### WORK REQUIRED
Return the whole of the data exactly.

### RECORDED DATA
++++++++

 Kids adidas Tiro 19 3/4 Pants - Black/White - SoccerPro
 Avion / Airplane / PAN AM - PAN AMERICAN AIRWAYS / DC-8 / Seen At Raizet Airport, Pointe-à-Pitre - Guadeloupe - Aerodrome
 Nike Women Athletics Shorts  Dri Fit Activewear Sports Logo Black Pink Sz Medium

++++++++

### TASK ANSWER
 Kids adidas Tiro 19 3/4 Pants - Black/White - SoccerPro
 Avion / Airplane / PAN AM - PAN AMERICAN AIRWAYS / DC-8 / Seen At Raizet Airport, Pointe-à-Pitre - Guadeloupe - Aerodrome
 Nike Women Athletics Shorts  Dri Fit Activewear Sports Logo Black Pink Sz Medium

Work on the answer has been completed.